在实际生产环境中,许多网站会部署各种反爬措施来保护其数据。作为负责任的数据采集者,我们需要了解这些机制,并在合理合法的范围内应对它们。

# anti_detection.py

import asyncio
import random
import hashlib
from typing import Dict, List, Any, Optional
from dataclasses import dataclass, field
from datetime import datetime
from dataclasses import dataclass

# =====================================
# 反爬机制与应对策略
# =====================================

@dataclass
class AntiDetectionConfig:
    """反检测配置"""
    # 浏览器指纹
    randomize_user_agent: bool = True
    randomize_viewport: bool = True
    randomize_timezone: bool = True

    # 行为模拟
    human_like_scrolling: bool = True
    random_mouse_movement: bool = True
    variable_delays: bool = True
    min_delay: float = 1.0
    max_delay: float = 3.0

    # 请求特征
    spoof_accept_encoding: bool = True
    remove_selenium_markers: bool = True
    use_real_headers: bool = True

    # IP 相关
    rotate_proxies: bool = True
    use_residential_proxies: bool = False

class UserAgentRotator:
    """User-Agent 轮换器"""

    USER_AGENTS = [
        # Chrome on Windows
        "Mozilla/5.0 (Windows NT 10.0; Win64; x64) AppleWebKit/537.36 "
        "(KHTML, like Gecko) Chrome/120.0.0.0 Safari/537.36",

        # Chrome on macOS
        "Mozilla/5.0 (Macintosh; Intel Mac OS X 10_15_7) AppleWebKit/537.36 "
        "(KHTML, like Gecko) Chrome/120.0.0.0 Safari/537.36",

        # Firefox on Windows
        "Mozilla/5.0 (Windows NT 10.0; Win64; x64; rv:121.0) Gecko/20100101 "
        "Firefox/121.0",

        # Firefox on Linux
        "Mozilla/5.0 (X11; Linux x86_64; rv:121.0) Gecko/20100101 Firefox/121.0",

        # Safari on macOS
        "Mozilla/5.0 (Macintosh; Intel Mac OS X 10_15_7) AppleWebKit/605.1.15 "
        "(KHTML, like Gecko) Version/17.2 Safari/605.1.15",

        # Safari on iOS
        "Mozilla/5.0 (iPhone; CPU iPhone OS 17_2 like Mac OS X) AppleWebKit/605.1.15 "
        "(KHTML, like Gecko) Version/17.2 Mobile/15E148 Safari/604.1",

        # Edge on Windows
        "Mozilla/5.0 (Windows NT 10.0; Win64; x64) AppleWebKit/537.36 "
        "(KHTML, like Gecko) Chrome/120.0.0.0 Safari/537.36 Edg/120.0.0.0",
    ]

    @classmethod
    def get_random(cls) -> str:
        """获取随机 User-Agent"""
        return random.choice(cls.USER_AGENTS)

    @classmethod
    def get_by_platform(cls, platform: str) -> str:
        """根据平台获取 User-Agent"""
        platform_map = {
            "windows": [ua for ua in cls.USER_AGENTS if "Windows" in ua],
            "macos": [ua for ua in cls.USER_AGENTS if "Mac OS" in ua],
            "linux": [ua for ua in cls.USER_AGENTS if "X11" in ua],
            "ios": [ua for ua in cls.USER_AGENTS if "iPhone" in ua],
            "android": [ua for ua in cls.USER_AGENTS if "Android" in ua],
        }
        candidates = platform_map.get(platform.lower(), cls.USER_AGENTS)
        return random.choice(candidates) if candidates else cls.get_random()

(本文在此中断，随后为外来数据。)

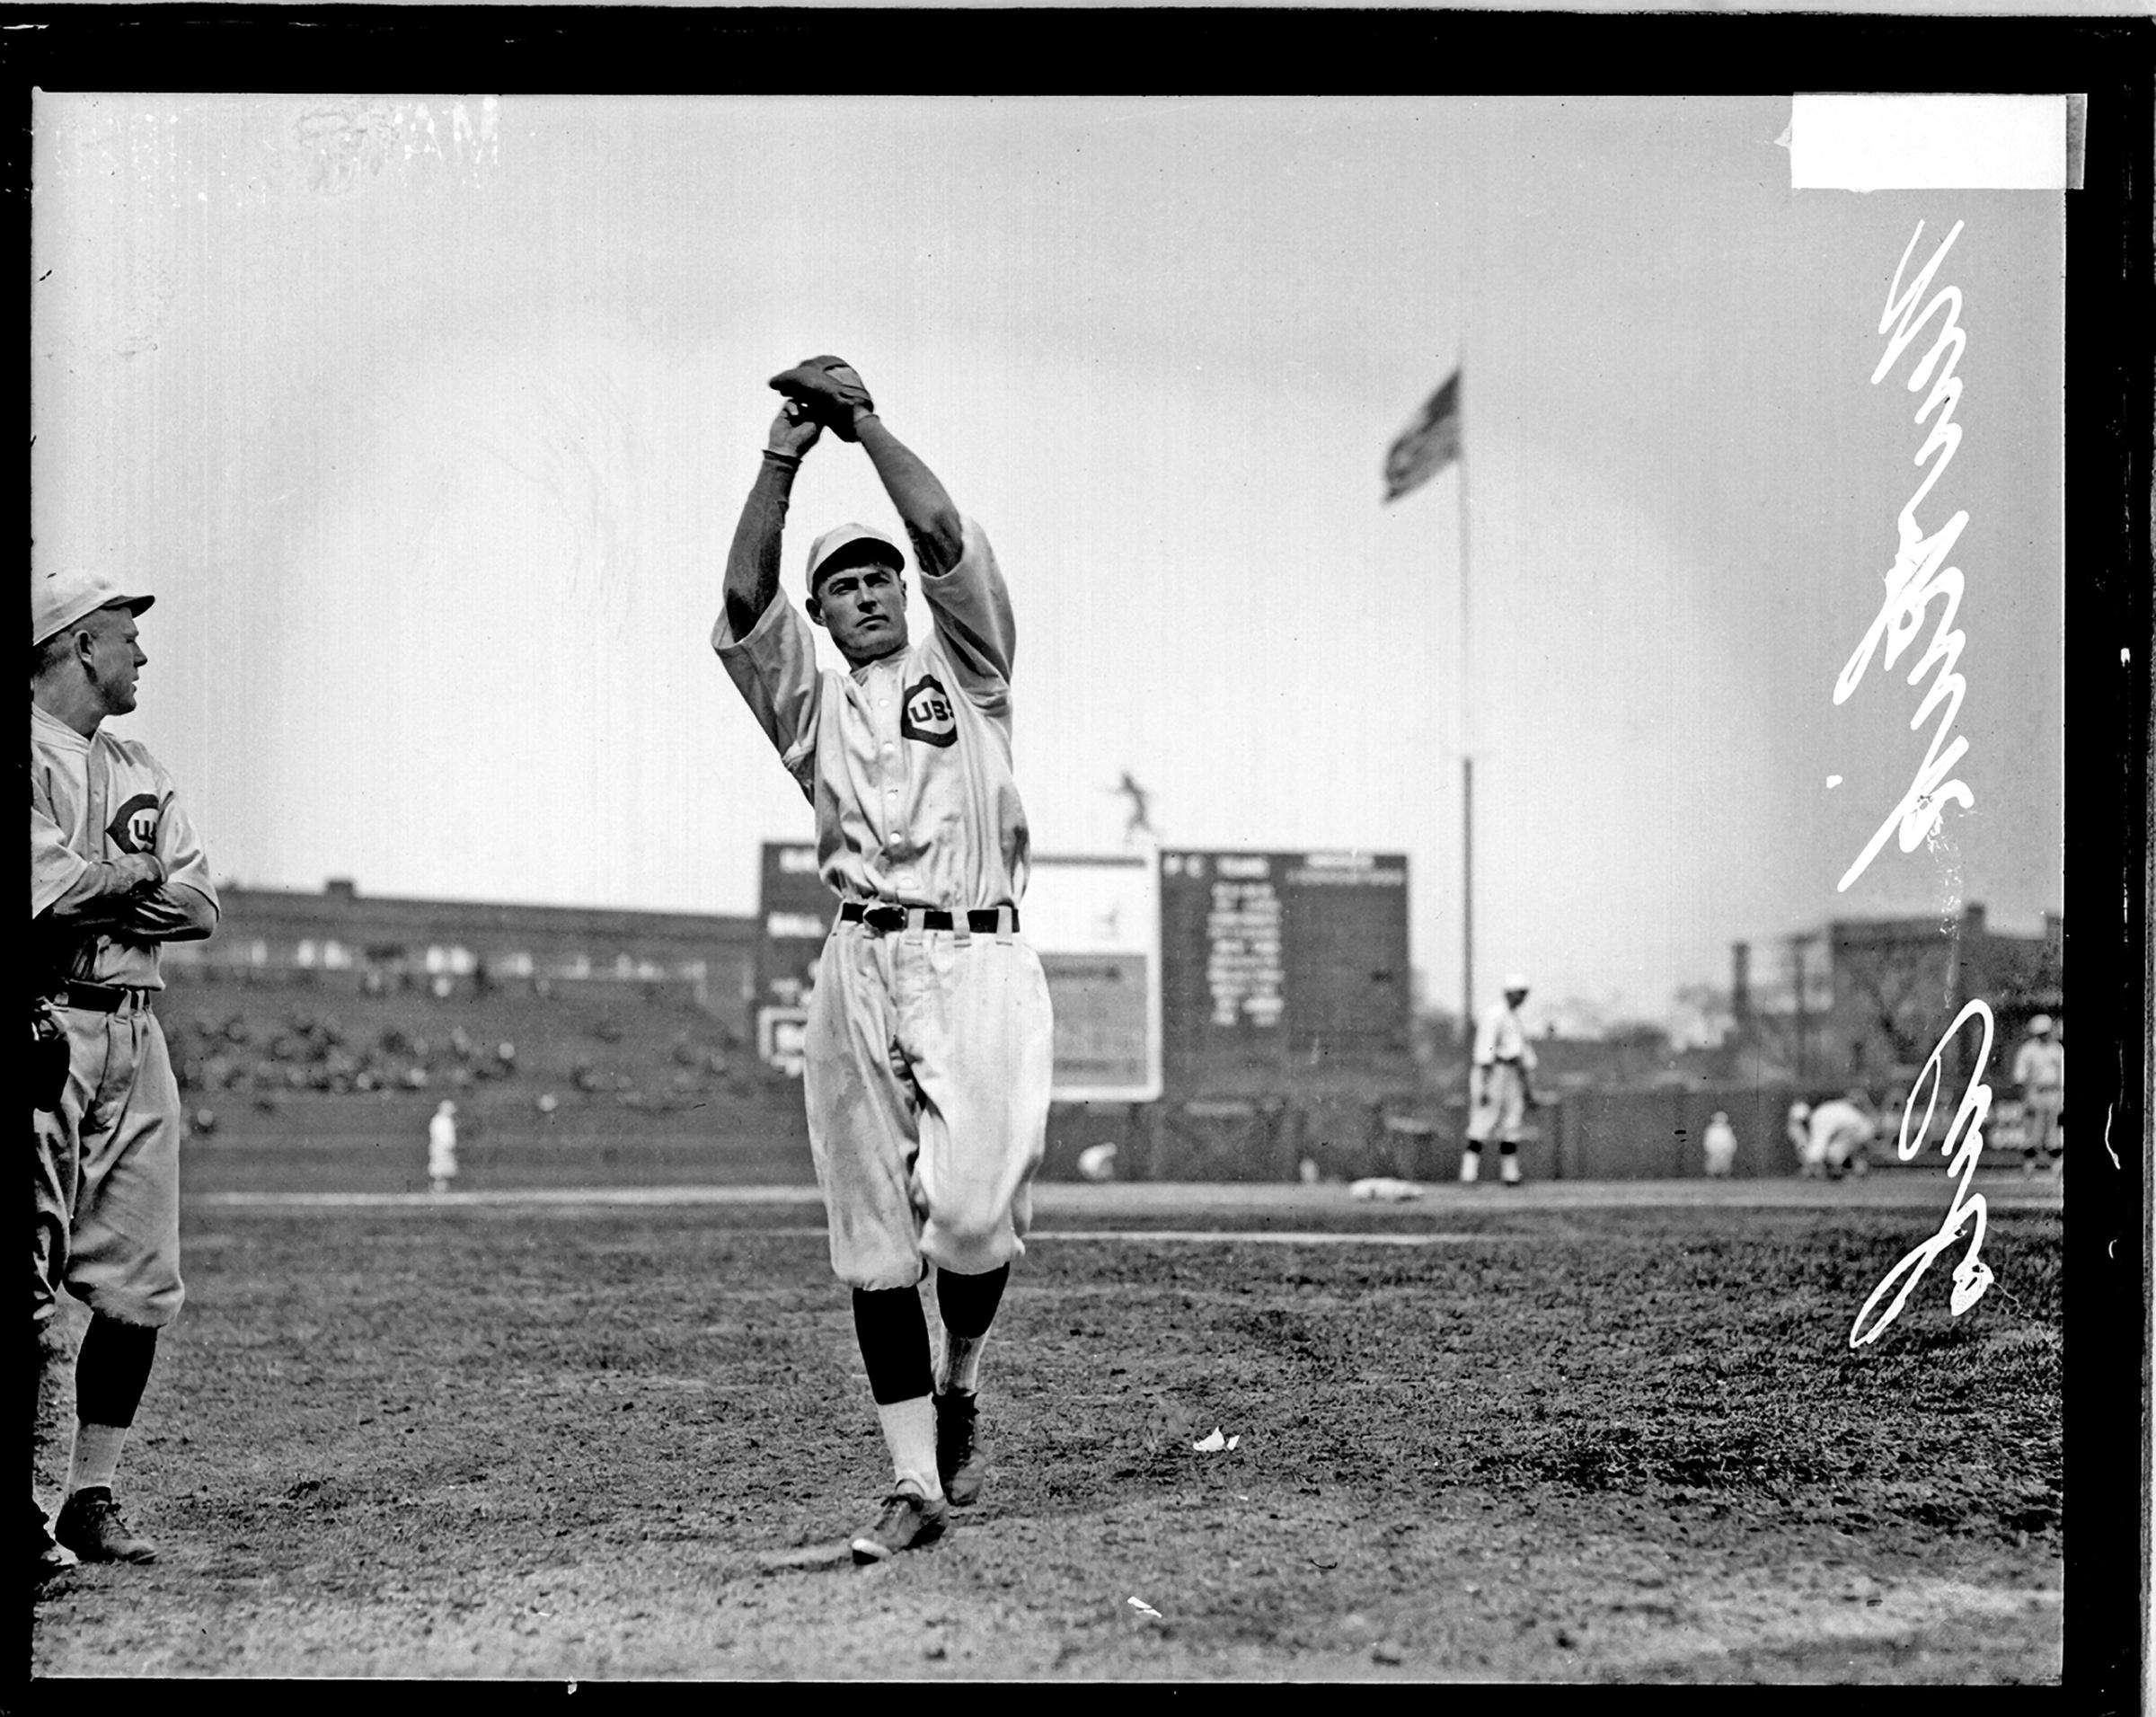 Chicago Cubs Player Newkirk in 1920

class BrowserFingerprintGenerator:
    """浏览器指纹生成器"""

    @staticmethod
    def generate_viewport() -> Dict[str, int]:
        """生成随机视口大小"""
        viewports = [
            {"width": 1920, "height": 1080},
            {"width": 1366, "height": 768},
            {"width": 1536, "height": 864},
            {"width": 1440, "height": 900},
            {"width": 1280, "height": 800},
            {"width": 2560, "height": 1440},
        ]
        return random.choice(viewports)

    @staticmethod
    def generate_timezone() -> Dict[str, Any]:
        """生成随机时区配置"""
        timezones = [
            {"timezone": "Asia/Shanghai", "offset": "+08:00"},
            {"timezone": "America/New_York", "offset": "-05:00"},
            {"timezone": "Europe/London", "offset": "+00:00"},
            {"timezone": "Asia/Tokyo", "offset": "+09:00"},
            {"timezone": "Australia/Sydney", "offset": "+11:00"},
        ]
        return random.choice(timezones)

    @staticmethod
    def generate_webgl_vendor() -> Dict[str, str]:
        """生成 WebGL 供应商信息"""
        vendors = [
            {"vendor": "Intel Inc.", "renderer": "Intel Iris OpenGL Engine"},
            {"vendor": "NVIDIA Corporation", "renderer": "NVIDIA GeForce GTX 1060"},
            {"vendor": "AMD", "renderer": "AMD Radeon Pro 5500M"},
        ]
        return random.choice(vendors)

    @classmethod
    def generate_complete_fingerprint(cls) -> Dict[str, Any]:
        """生成完整指纹"""
        return {
            "user_agent": UserAgentRotator.get_random(),
            "viewport": cls.generate_viewport(),
            "timezone": cls.generate_timezone(),
            "webgl": cls.generate_webgl_vendor(),
            "languages": ["zh-CN", "zh", "en-US", "en"],
            "device_memory": random.choice([2, 4, 8, 16]),
            "hardware_concurrency": random.choice([2, 4, 8, 16]),
            "max_touch_points": random.choice([0, 1, 2, 5, 10]),
        }

class HumanBehaviorSimulator:
    """人类行为模拟器"""

    def __init__(self, config: AntiDetectionConfig):
        self.config = config
        self.last_action_time = datetime.now()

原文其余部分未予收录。